AVAILABLE RECORDS:
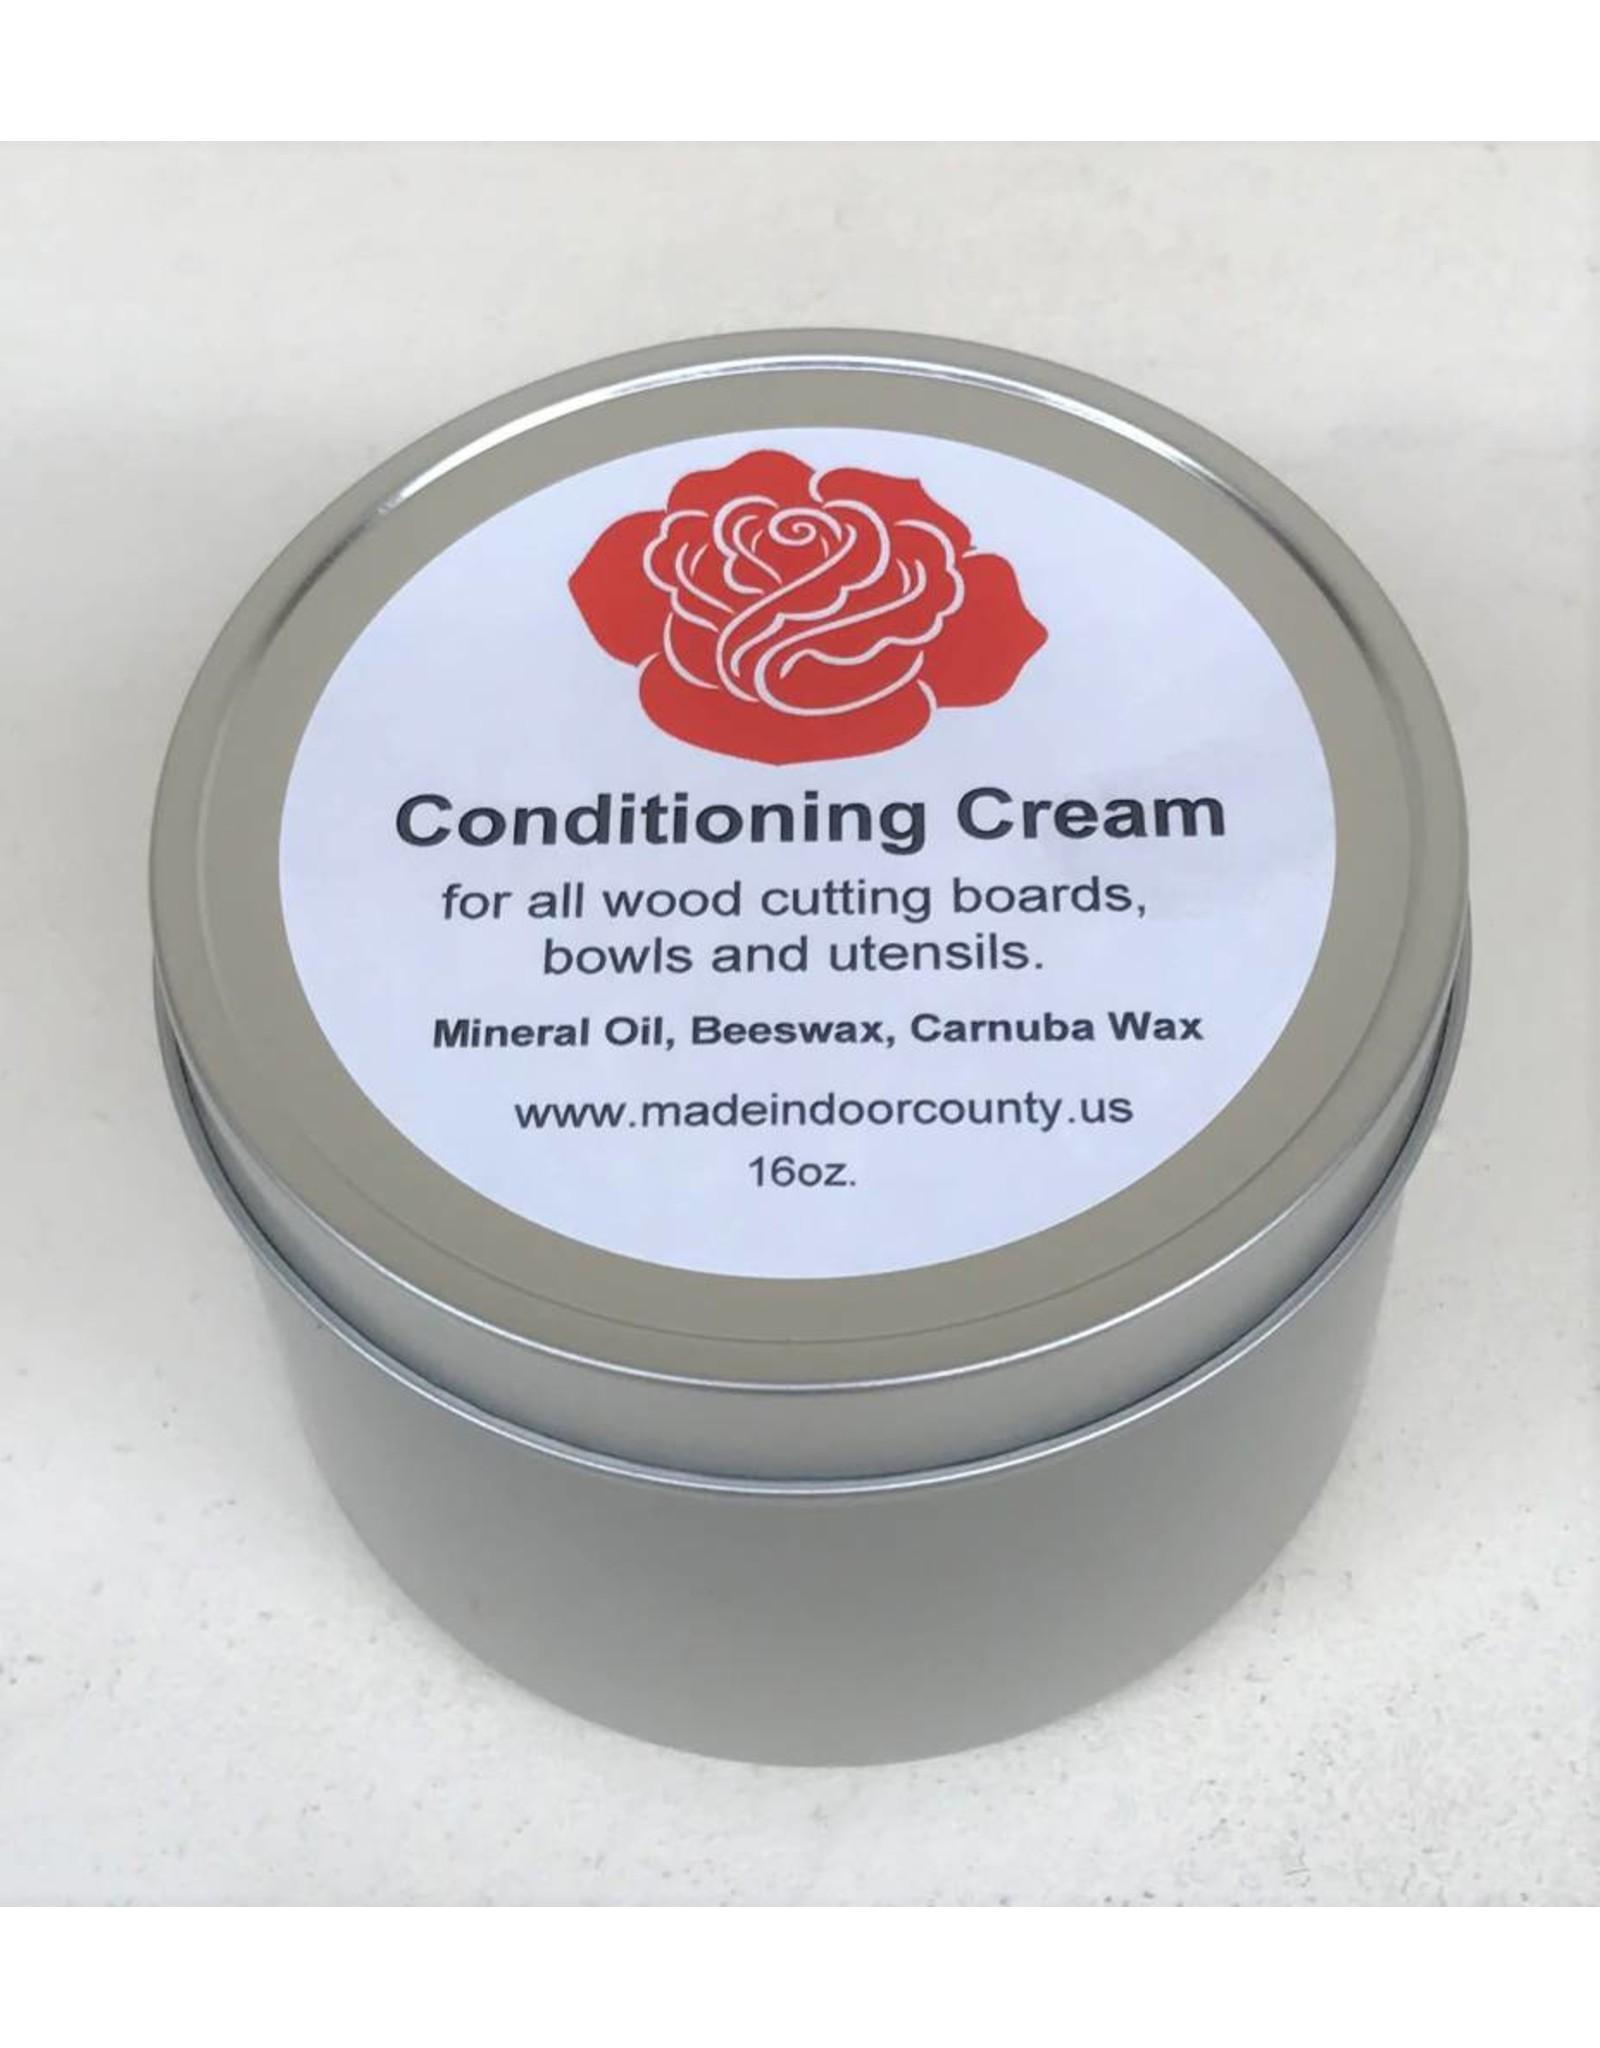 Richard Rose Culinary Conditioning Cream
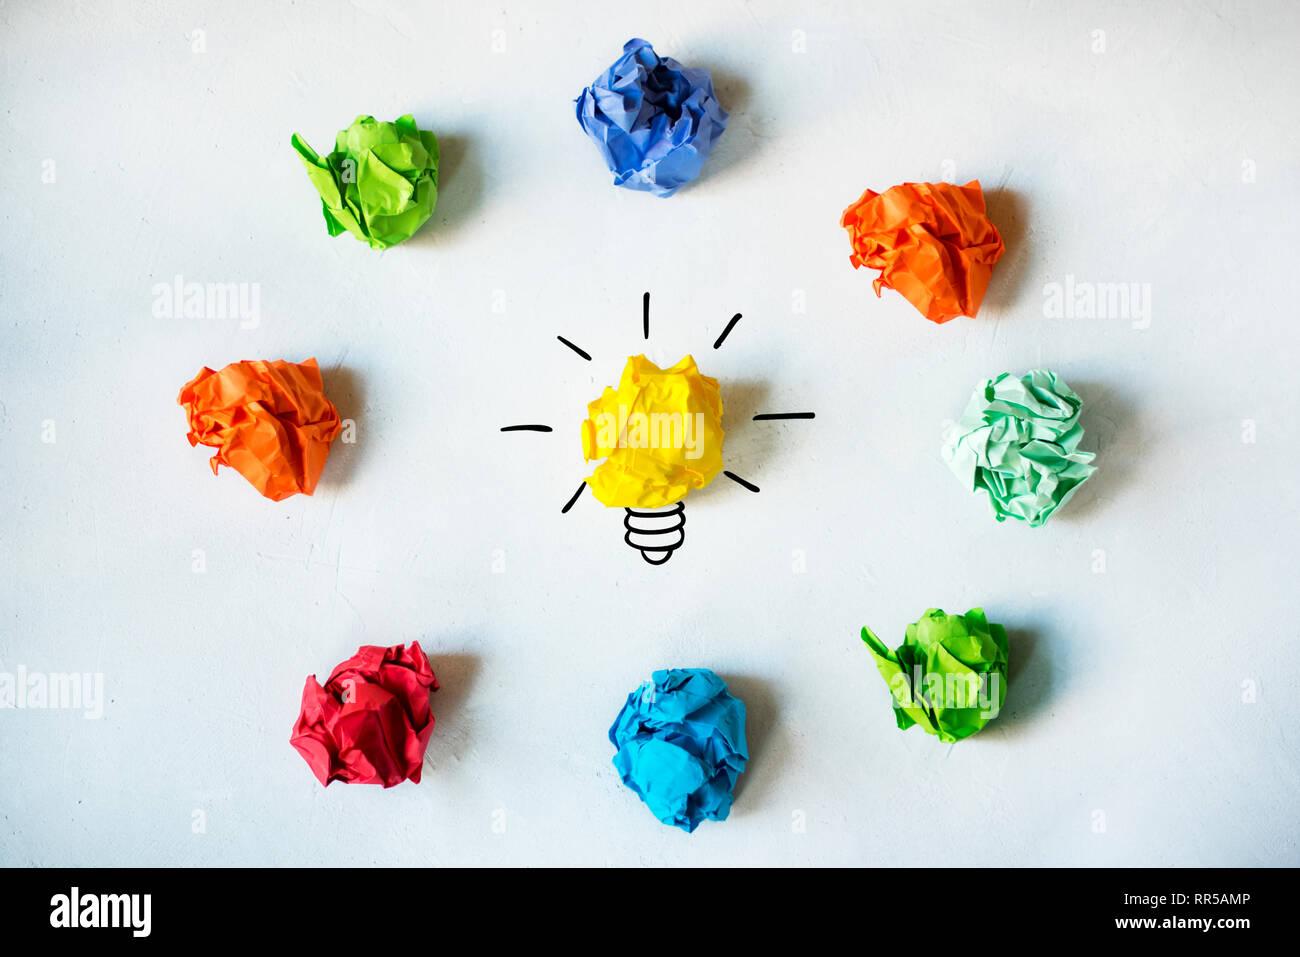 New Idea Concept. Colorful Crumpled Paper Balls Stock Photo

...

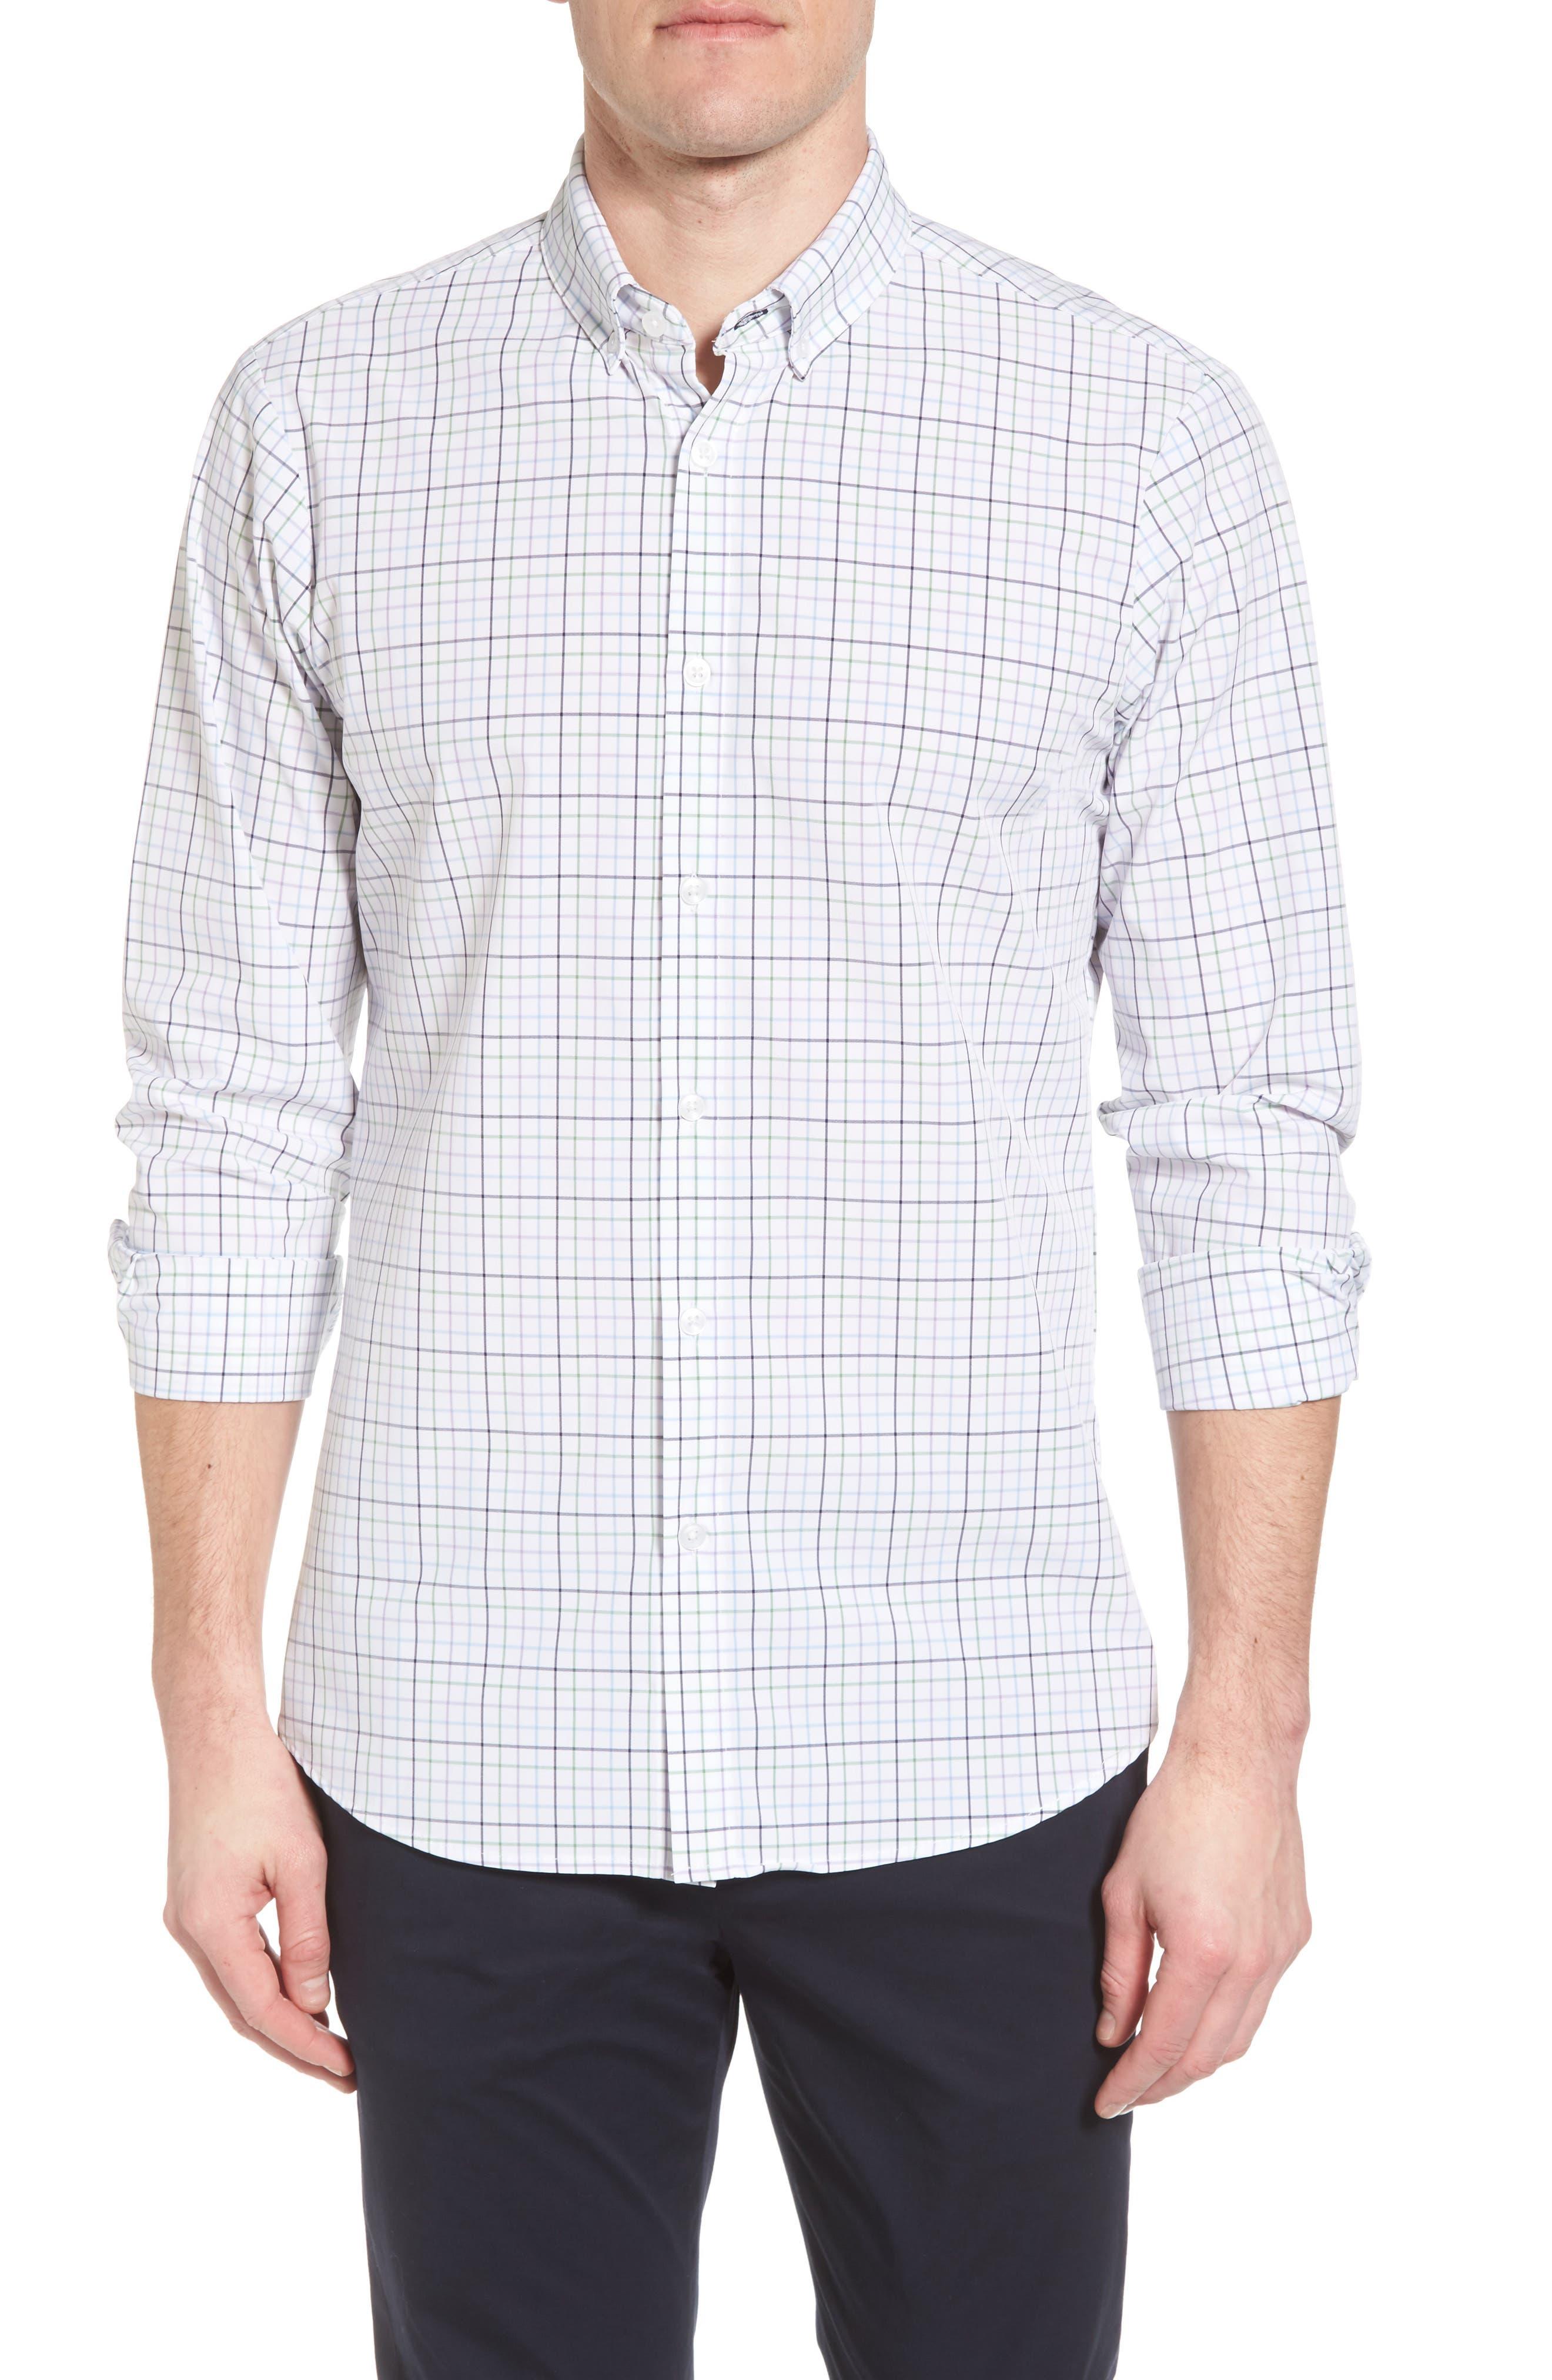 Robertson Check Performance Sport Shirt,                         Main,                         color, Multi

* * *

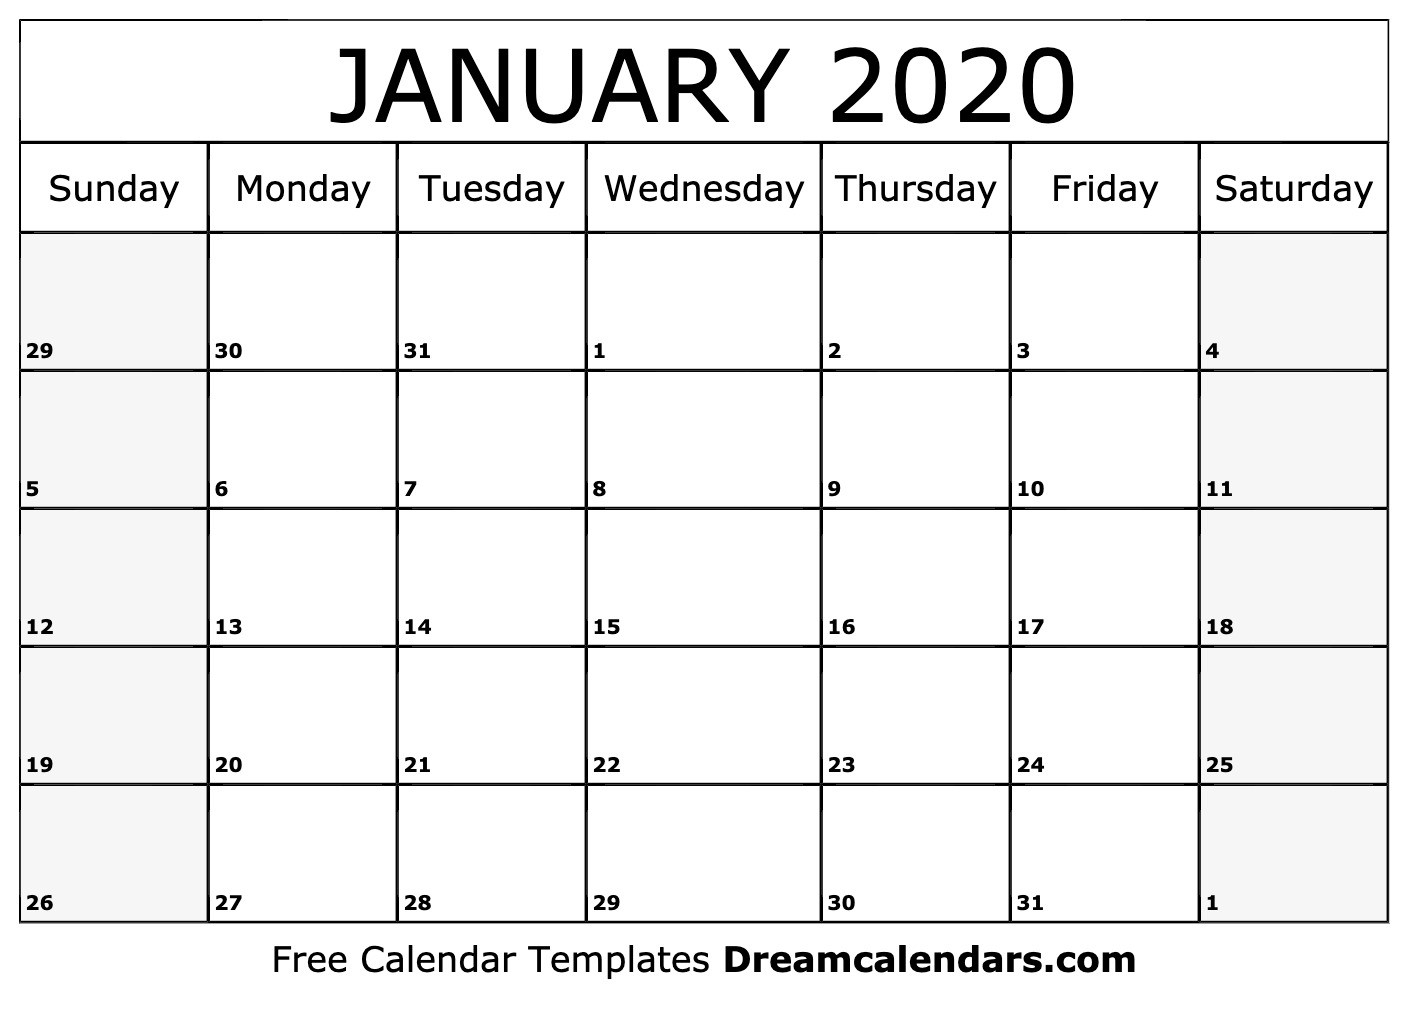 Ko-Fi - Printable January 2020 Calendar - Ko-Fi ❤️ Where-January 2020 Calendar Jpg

TRY IT: From the records above, copy only the lines running from the line containing "Richard Rose Culinary Conditioning Cream" to the line containing "New Idea Concept.", both ends included. Leave the pictures out.

WRITTEN ANSWER:
 Richard Rose Culinary Conditioning Cream
 New Idea Concept. Colorful Crumpled Paper Balls Stock Photo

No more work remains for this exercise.